While kayaking earlier in the day I had asked Craig if he knew a good place in town where I could finally eat some of those famous New Zealand Green Lipped Mussels. He said not to worry he knew a great place. Well, this was too good to be true. Beaching our kayaks on one of the many secluded island beaches, Craig quickly showed me where the mussels were on the rocks and we went to work pulling off about 3 dozen. Putting them in a bag and locking them in a compartment on the kayak with some seawater, he exclaimed “you’re set Xavier! Cook these up with garlic, white wine and cream.” Are you kidding me? I was ecstatic!
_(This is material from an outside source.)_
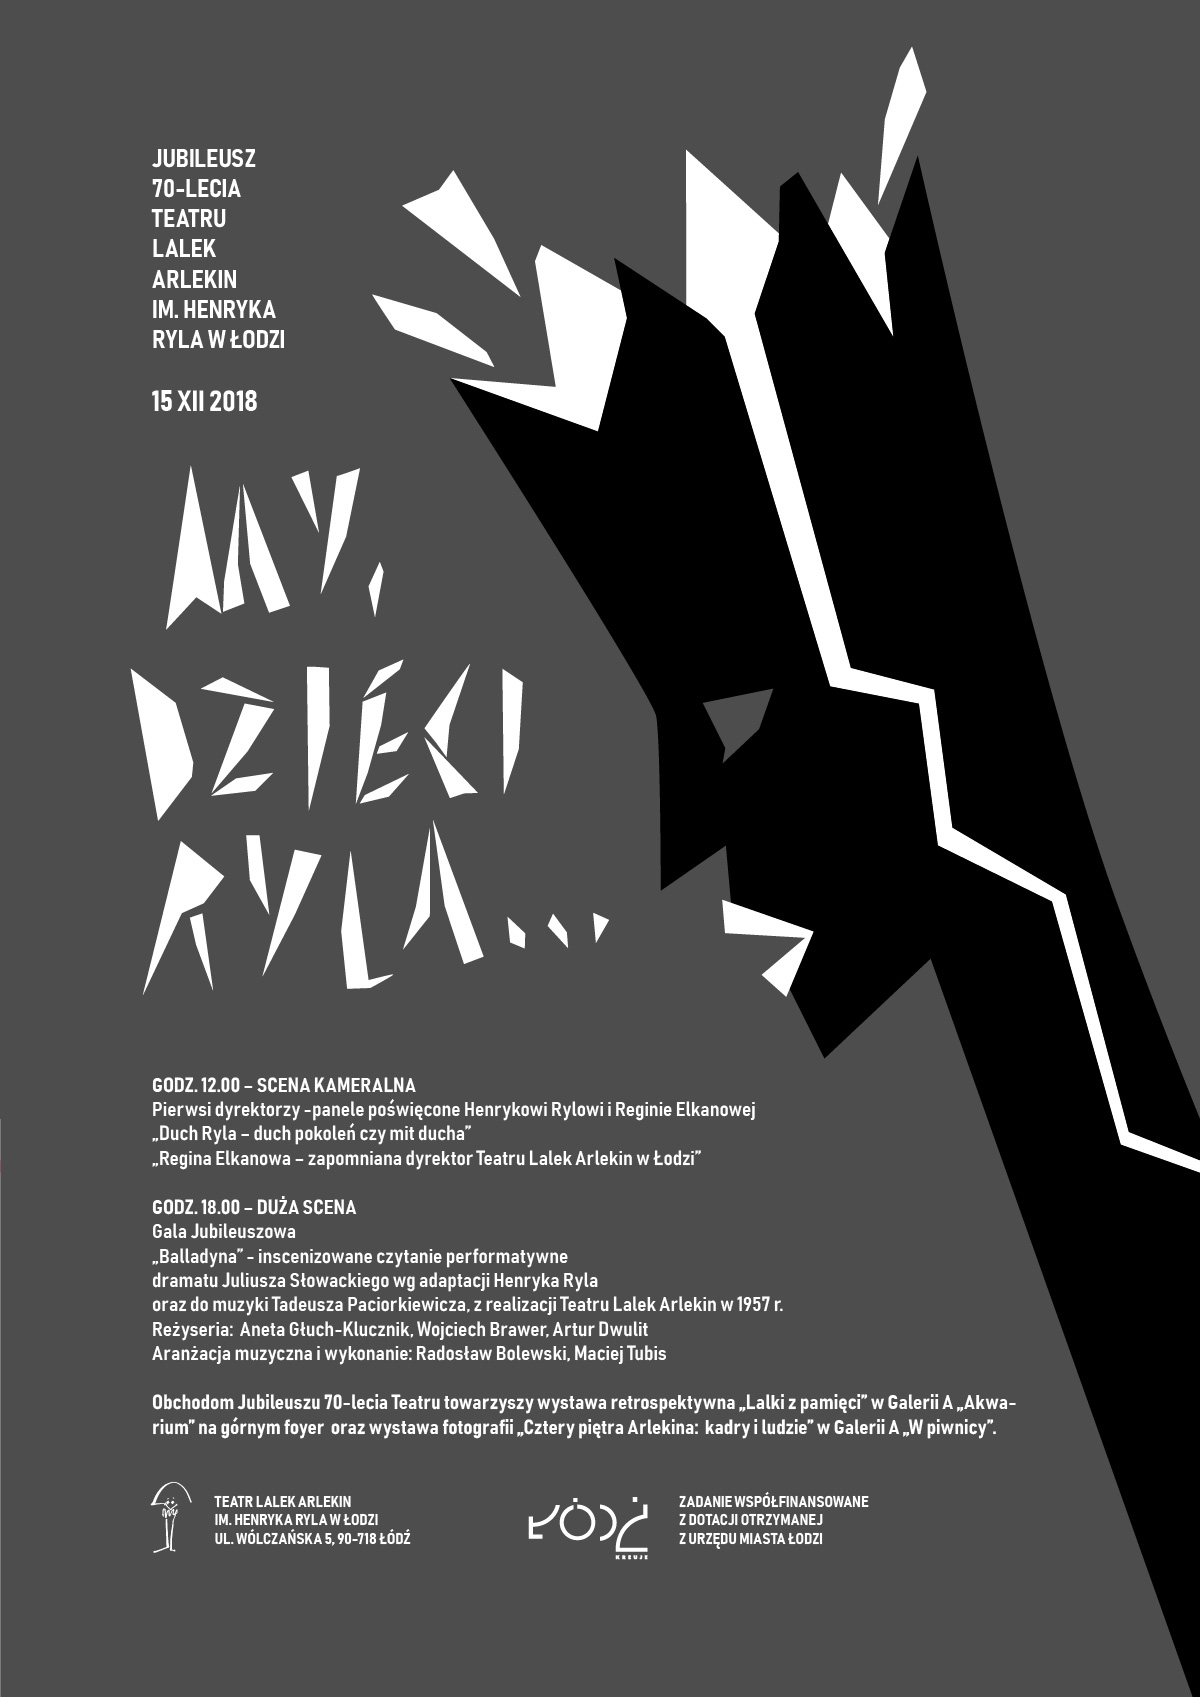 titleStart - Teatr Lalek Arlekin im  Henryka Ryla w Łodzi

As we set off for homebase on our kayaks we noticed the waters starting to get rough, winds picking up, and cloudy skies looming. Struggling against the elements, Craig shouted to us across the waves and wind, “DO YOU GUYS FEEL A LITTLE CRAZY?” Kristin and I look at each other and shout back a hesitant “YES?” The other kayaking couple shouts the same hesitant “YES”.
Craig motions us to put one kayak on each side of his kayak. We do so as he starts to pull out a large piece of material. He then starts to shout out instructions to us of how he is going to set up a sail and have us take advantage of the strong winds. Craig instructed the front kayakers to hold on to the front of his kayak in the middle with one hand, and with our other hand holding on to the two bottom corners of the sail, then instructed Kristin and the other kayaker to tie the other ends of the sail to the top of each paddle and hold them up high. Craig was now holding on to the back of each kayak, making a make-shift catamaran! With Craig screaming out instructions to us, we quickly gained speed and started to fly across the water. We were all hanging on for dear life but having one truly exilirating time. One last instruction from Craig: “IF EVERYTHING GOES TO HELL, DROP EVERYTHING AND GET BACK ON YOUR KAYAK!” Well, I’m glad to report we sailed that make-shift catamaran like champs. I would have loved to have taken a picture of us flying across those waves, grinning wide grins, shouting with joy as we crashed through the waves and a light drizzle starting to fall from the sky, all the time hanging on to our sail and faithfully following every instruction given by Craig.
Later that evening I followed Craig’s instructions one last time. Sautéing some garlic in butter adding the white wine, mussels and cream. A few glasses of white wine and some good bread were the finishing touches. They were the best mussels I had ever eaten.
It was one more moment for New Zealand. One more “Oh my God”. One more memory that will last us a lifetime.